The geometry of integration in text classification RNNs

arXiv:2010.15114v216 citations
Originality Incremental advance
AI Analysis

This work provides insights into the interpretability of RNNs for text classification, though it is incremental as it focuses on a specific task without broad new applications.

The study investigated how recurrent neural networks (RNNs) perform text classification by analyzing their dynamics, finding that they accumulate evidence for each class using low-dimensional attractor manifolds, with dimensionality and geometry predictable from simple word-count statistics in the training data.

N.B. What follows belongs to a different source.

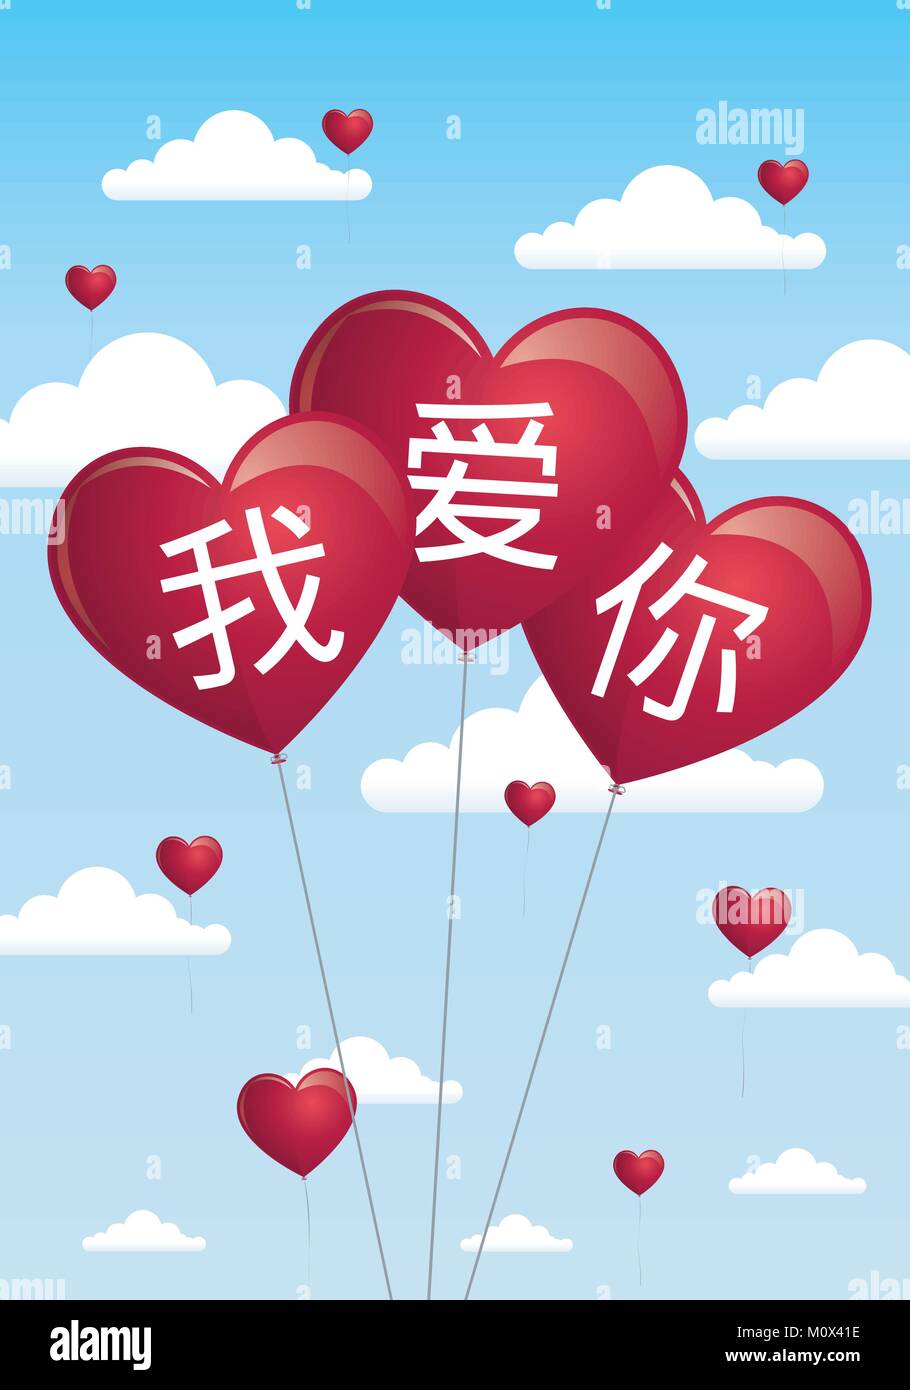 Satz ICH LIEBE DICH in Chinesischer Sprache in 3 rote Herzen geschrieben - geformte Ballons fliegen auf dem Hintergrund der blauen Himmel mit weißen Wolken. Stock Vektor
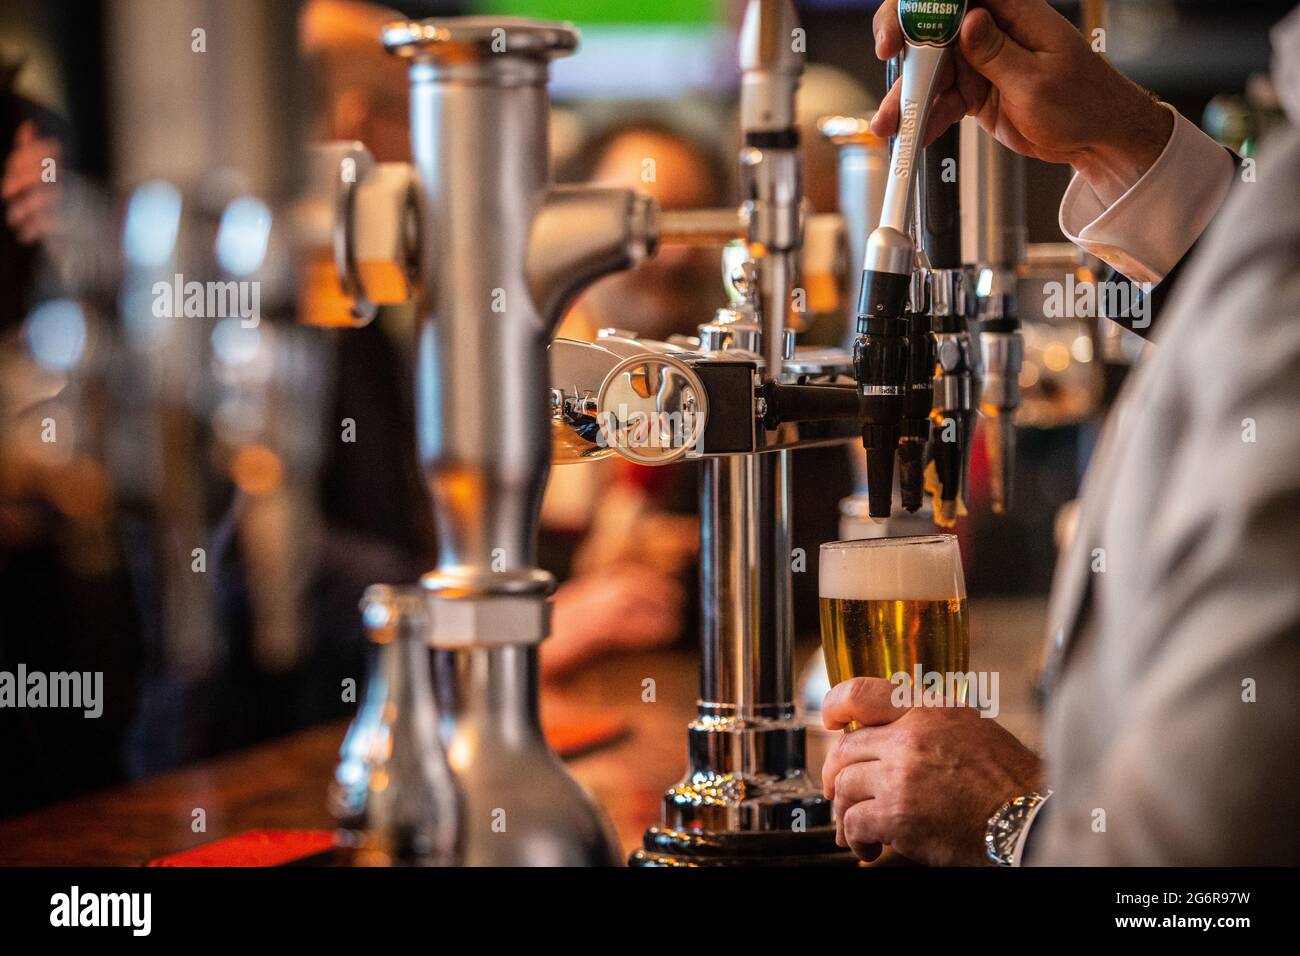 Ein Bier/Bier, das gegossen wurde, wurde hinter der Bar im Pub gesehen Stockfoto

Despite the widespread application of recurrent neural networks (RNNs) across a variety of tasks, a unified understanding of how RNNs solve these tasks remains elusive. In particular, it is unclear what dynamical patterns arise in trained RNNs, and how those patterns depend on the training dataset or task. This work addresses these questions in the context of a specific natural language processing task: text classification. Using tools from dynamical systems analysis, we study recurrent networks trained on a battery of both natural and synthetic text classification tasks. We find the dynamics of these trained RNNs to be both interpretable and low-dimensional. Specifically, across architectures and datasets, RNNs accumulate evidence for each class as they process the text, using a low-dimensional attractor manifold as the underlying mechanism. Moreover, the dimensionality and geometry of the attractor manifold are determined by the structure of the training dataset; in particular, we describe how simple word-count statistics computed on the training dataset can be used to predict these properties. Our observations span multiple architectures and datasets, reflecting a common mechanism RNNs employ to perform text classification. To the degree that integration of evidence towards a decision is a common computational primitive, this work lays the foundation for using dynamical systems techniques to study the inner workings of RNNs.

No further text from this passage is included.